Output each line of the listing exactly, though pictures are not to appear.

• Given material
************
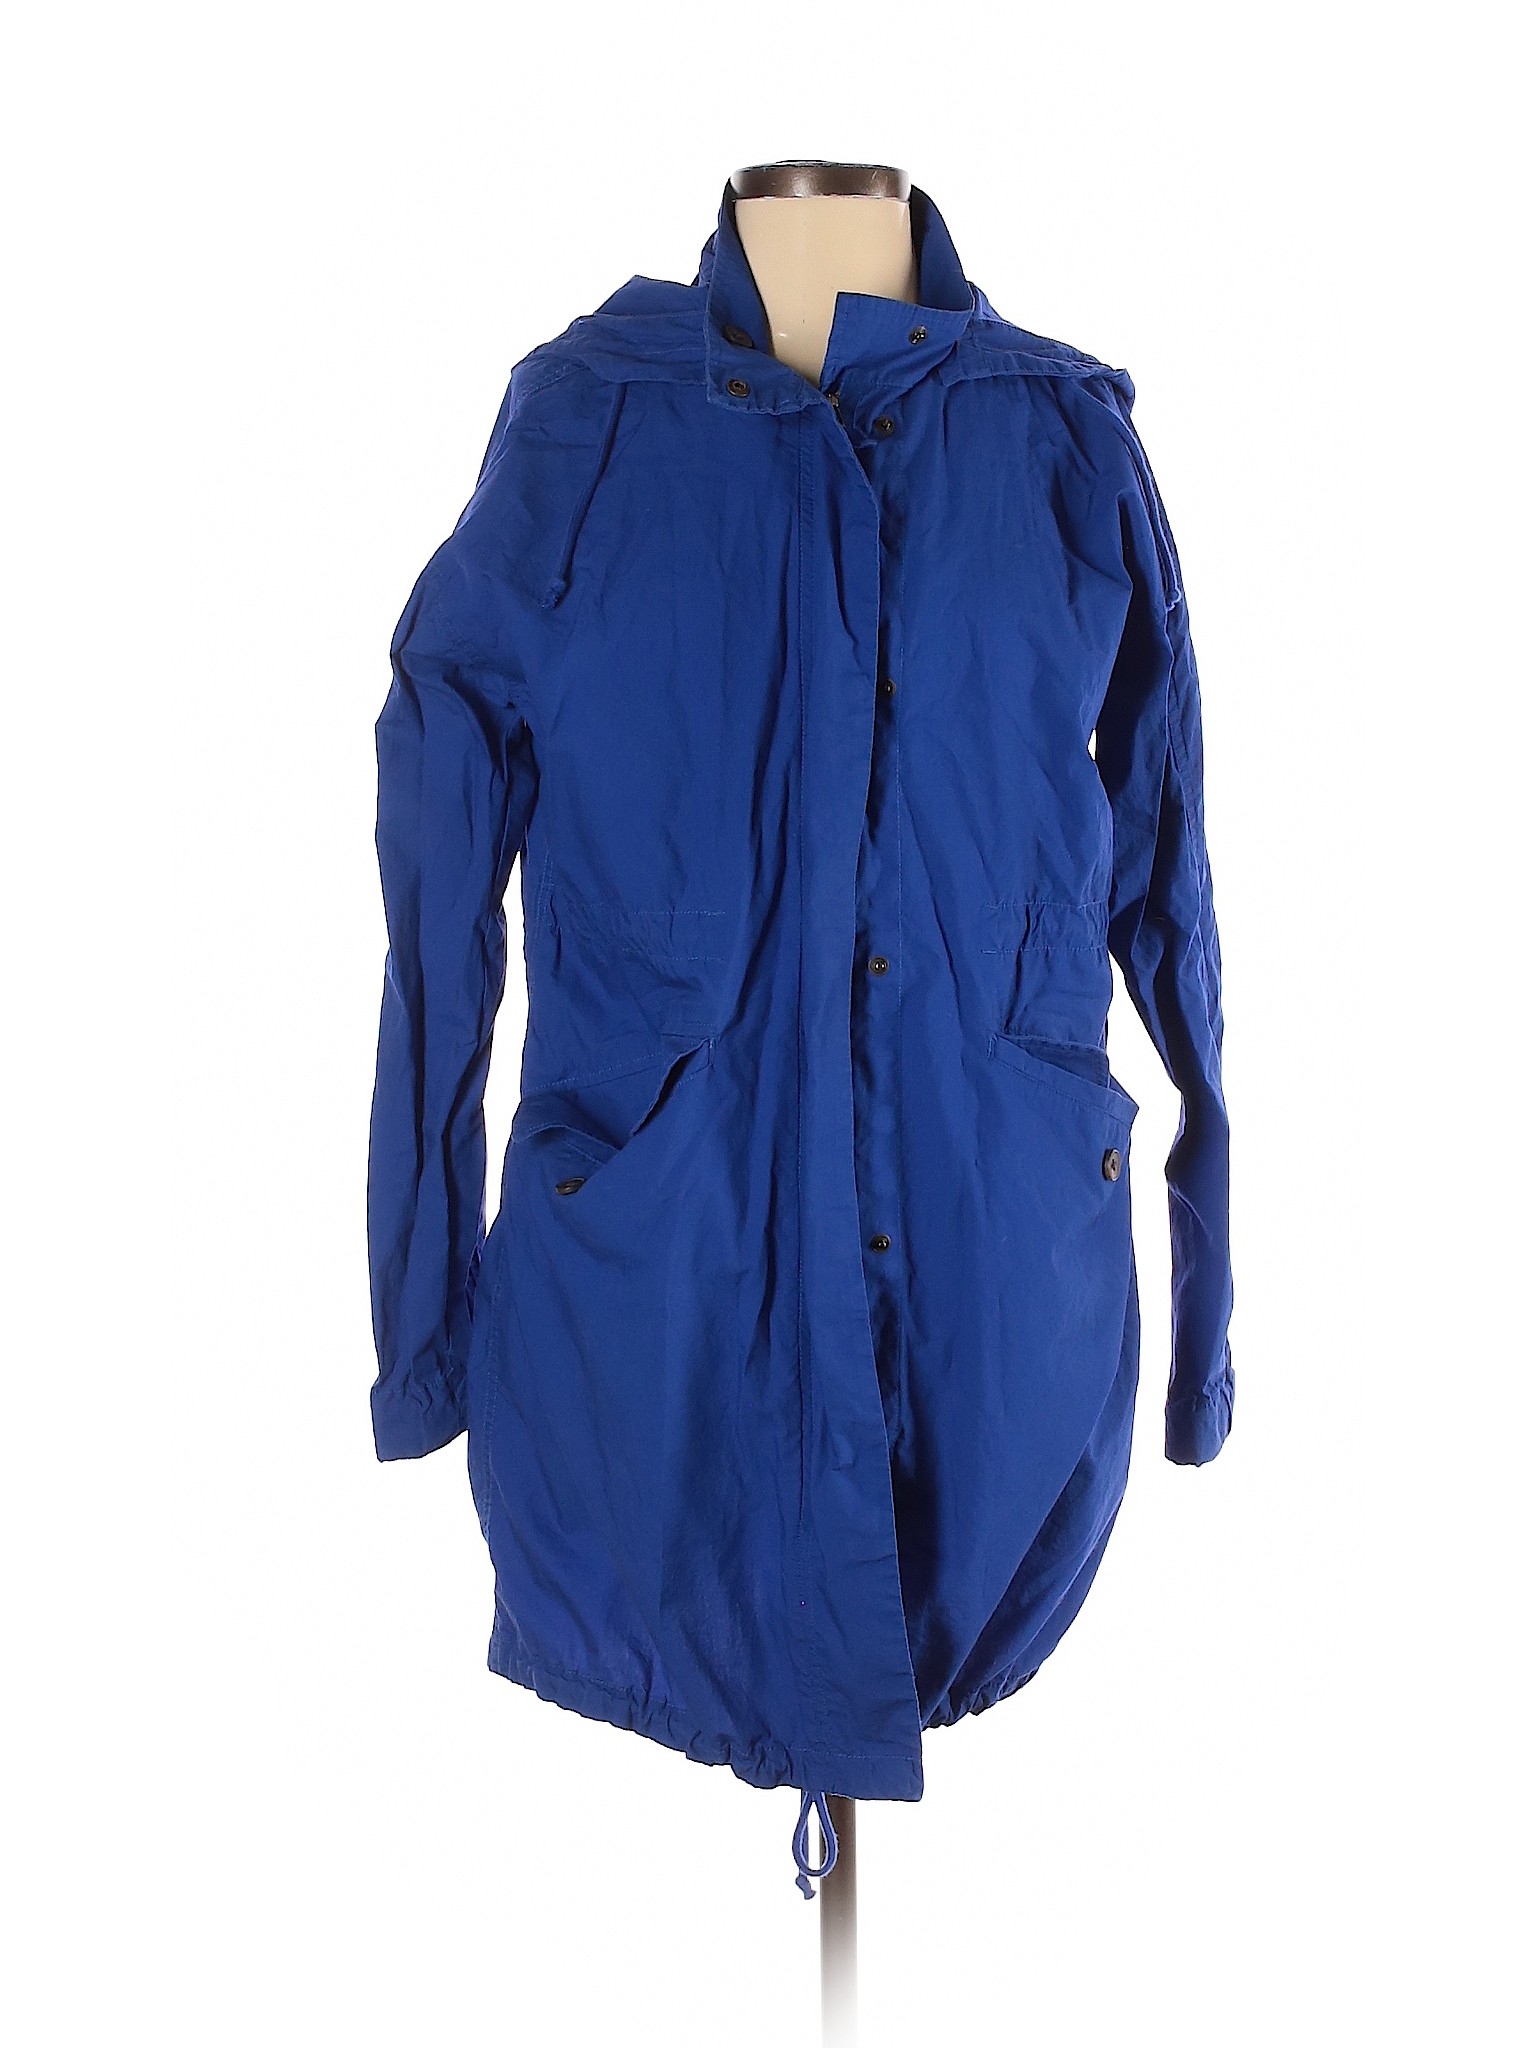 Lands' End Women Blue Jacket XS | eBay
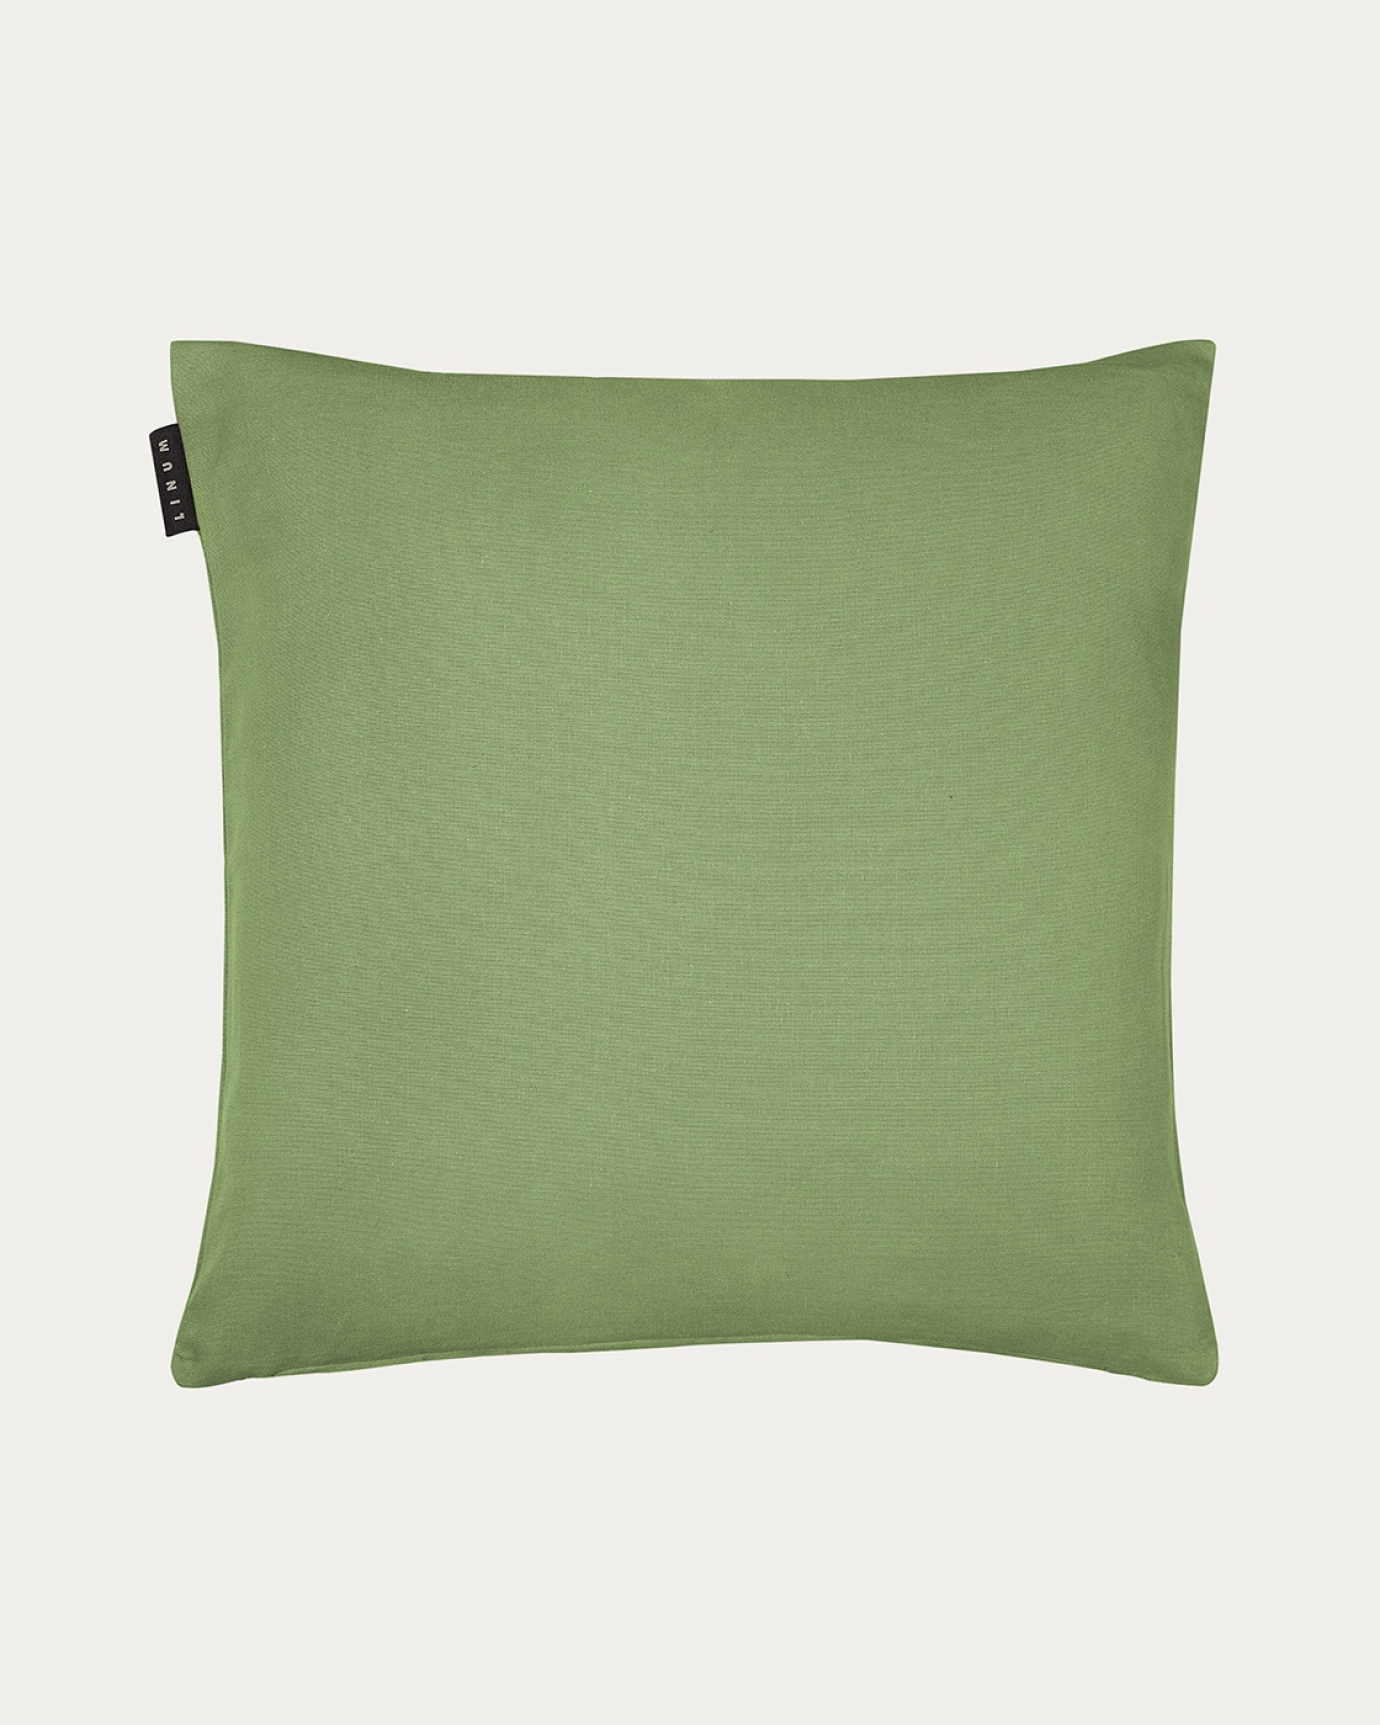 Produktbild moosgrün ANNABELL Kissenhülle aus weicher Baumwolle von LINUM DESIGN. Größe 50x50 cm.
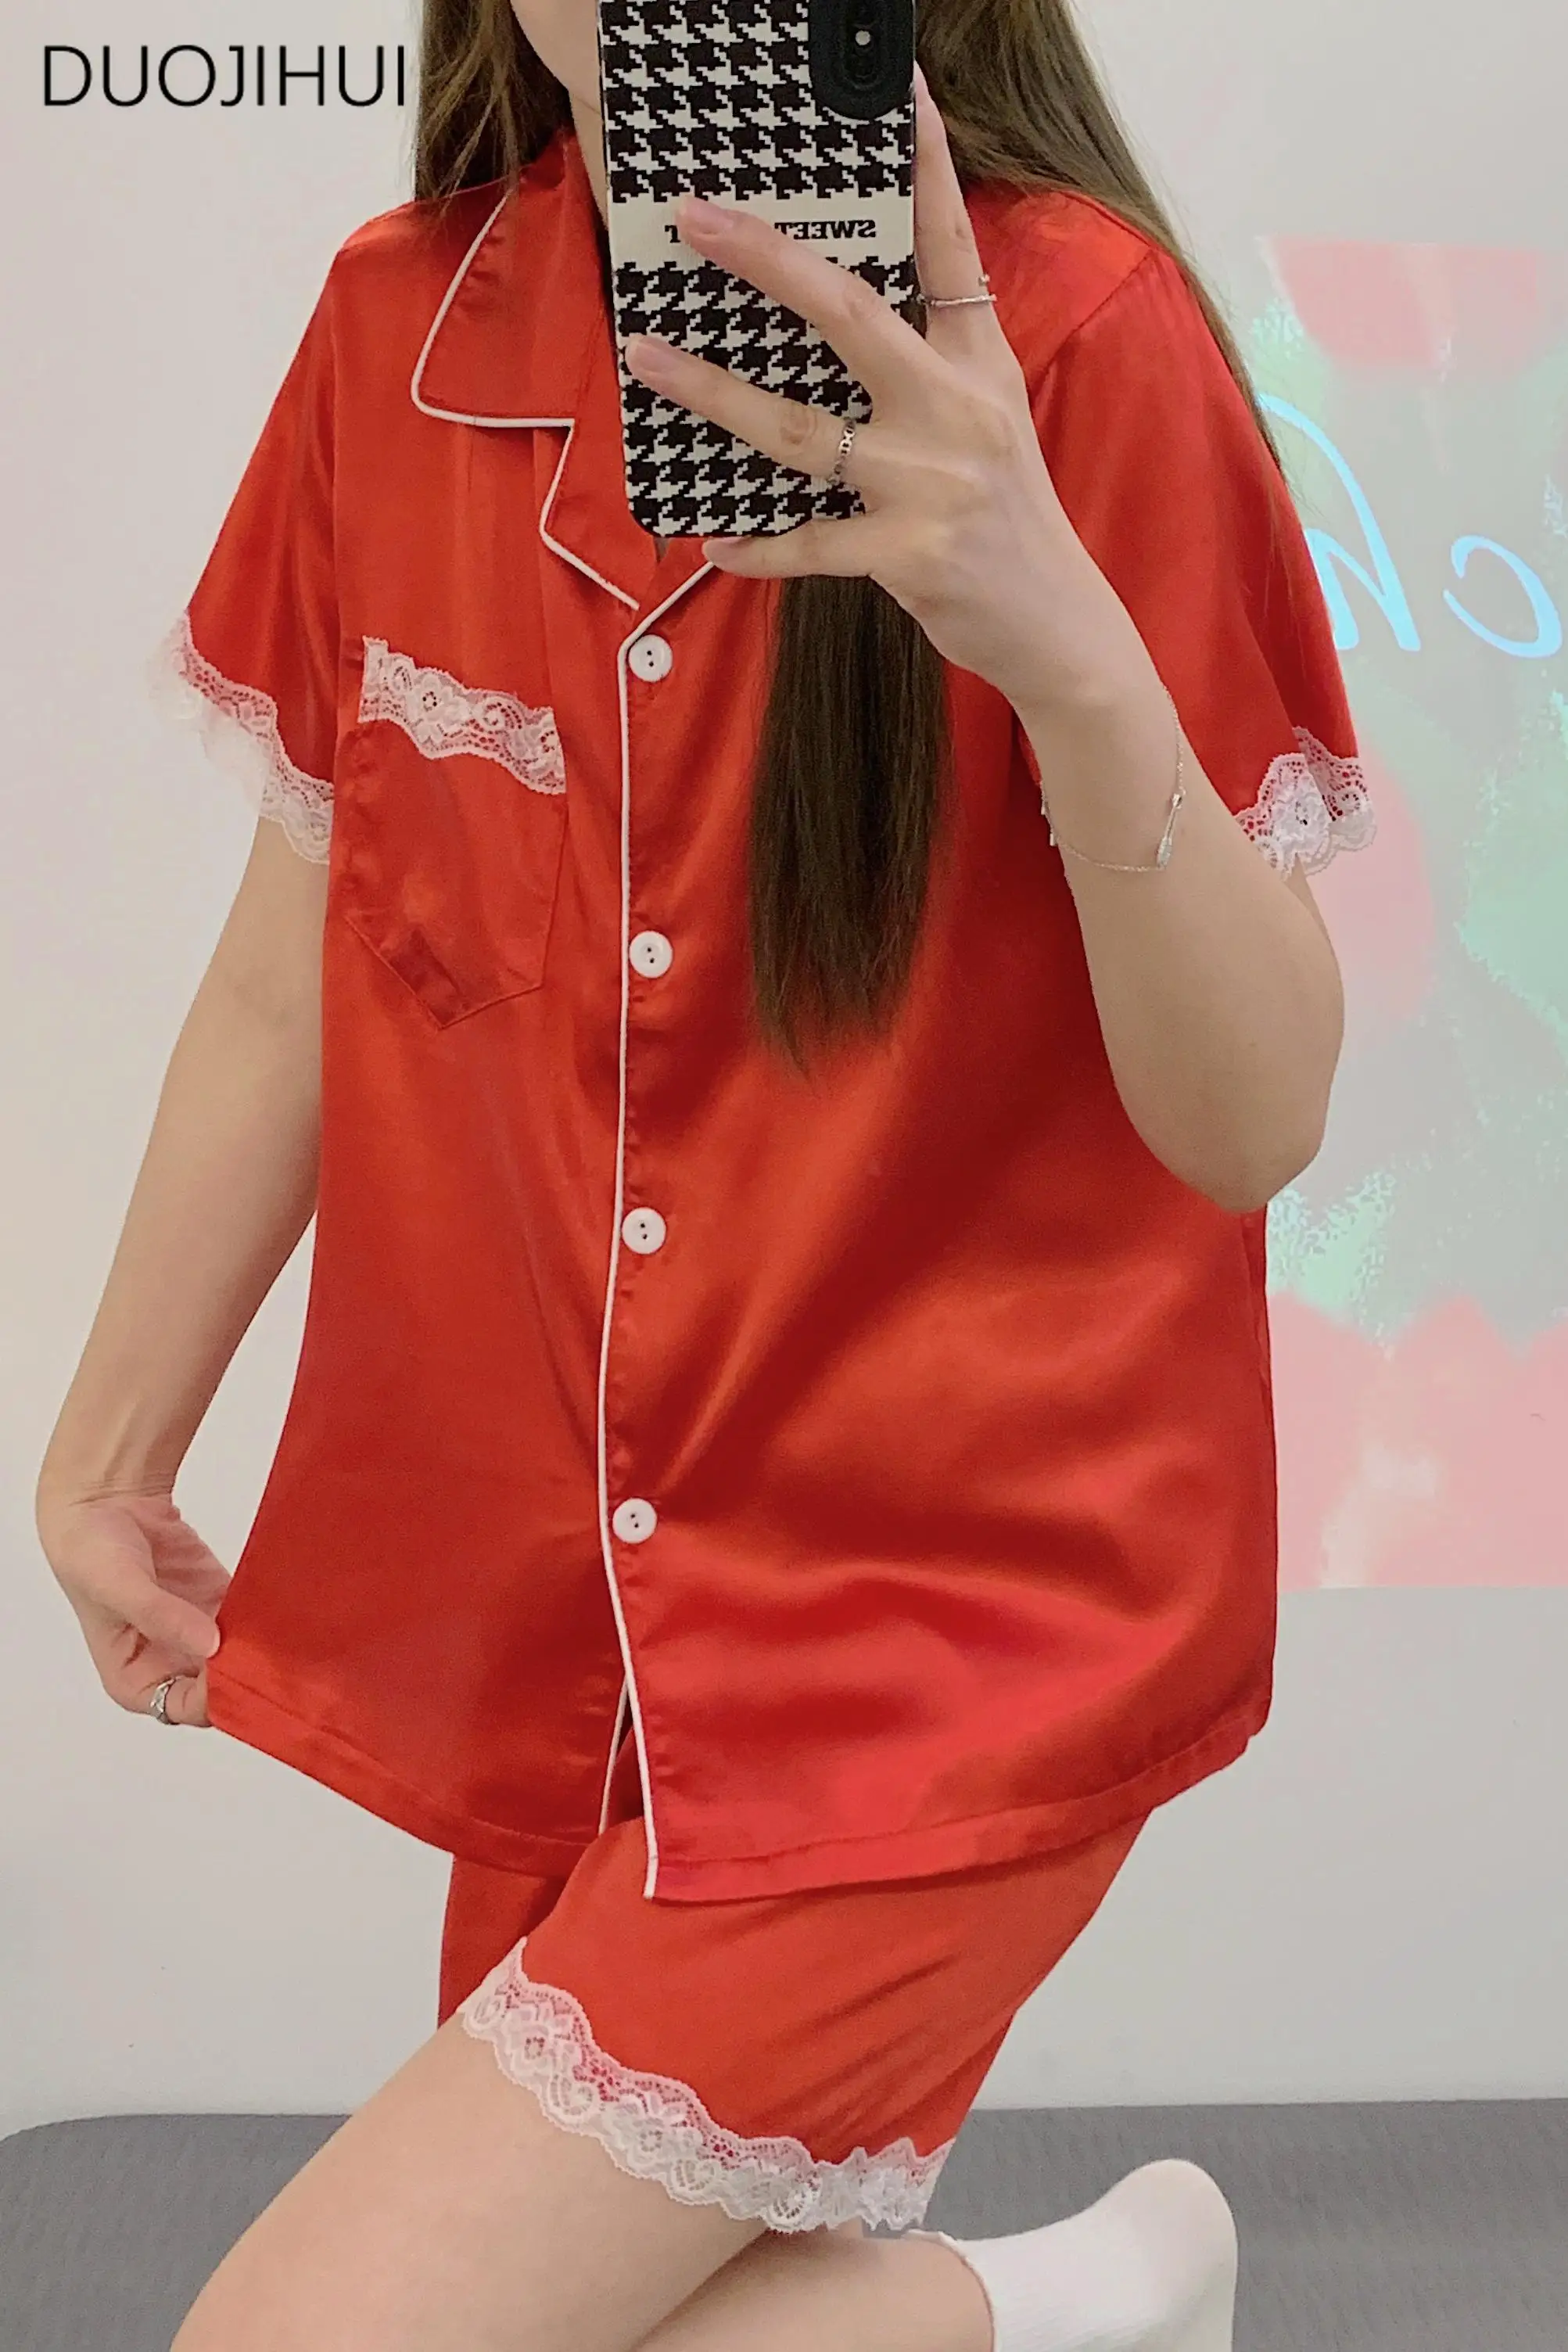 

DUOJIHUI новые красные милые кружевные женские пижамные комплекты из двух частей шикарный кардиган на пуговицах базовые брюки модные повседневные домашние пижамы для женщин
************
• The completed task
 Lands' End Women Blue Jacket XS | eBay
 Produktbild moosgrün ANNABELL Kissenhülle aus weicher Baumwolle von LINUM DESIGN. Größe 50x50 cm.

DUOJIHUI новые красные милые кружевные женские пижамные комплекты из двух частей шикарный кардиган на пуговицах базовые брюки модные повседневные домашние пижамы для женщин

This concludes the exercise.